My smile is quite possibly smug, triumphant and something approaching rather excited about my future, and I’m gazing at the backwards EMILY on the window wondering if I might change it to OLIVIA one day, when I see someone wave at me over the lettering. A man shape.
It’s Warwick. I wave back and smile at him too. Haven’t seen him since that night at the Merrick, getting on for a month ago now, where he took great steps towards curing my fear of public dancing – at least two of them. Leading me onto the floor, first he trod on my toe, then, as he leapt back in dismay, he knocked a drink off a table and into a lady’s lap, all with the aplomb an Oxford cut affords a man: you might be a fool but you’ll never look like one. Once he got going, though, he dutifully led like a dream, and all eyes turned to the frock. Just the one dance, tripping over a quickstep for ‘It Had To Be You’, laughing through it just as I would trip about with Mother in the squeeze of our lounge, laughing with the whole room.

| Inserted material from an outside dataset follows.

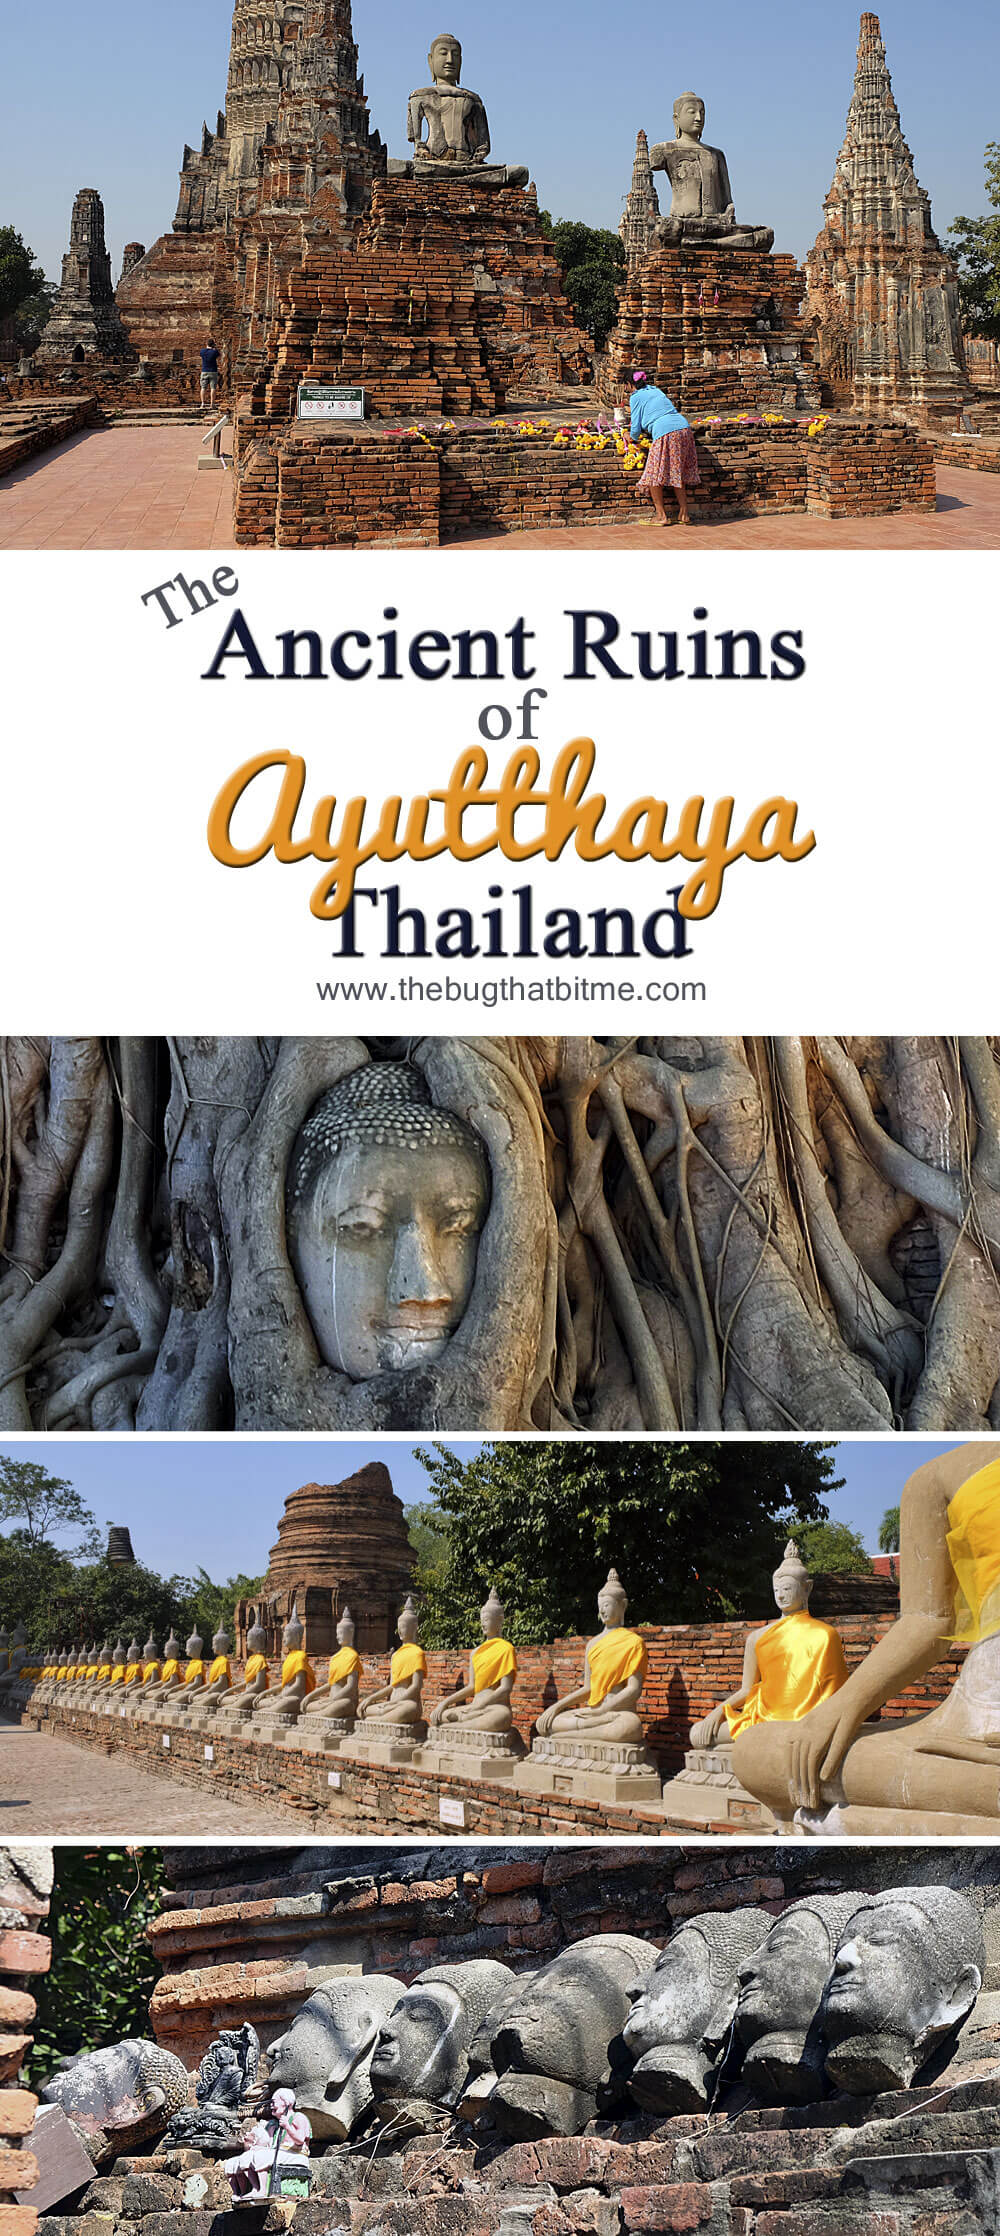 The Ancient Ruins of Ayutthaya, Thailand

I’m laughing now as he comes through the salon door: ‘Hello, Warwick.’
‘Miss Greene, hello,’ he says in his cheerful yet awkward way, as if he’s just forgotten where and what he is while in the midst of fumbling his hat off his head. There is something endearing about him, that high Oxford waist just a little too high, half his fringe flopping across his face, a new lyric for our song: And though your hair slips from its brill, with all your faults I love you still . . . like the big brother I never had.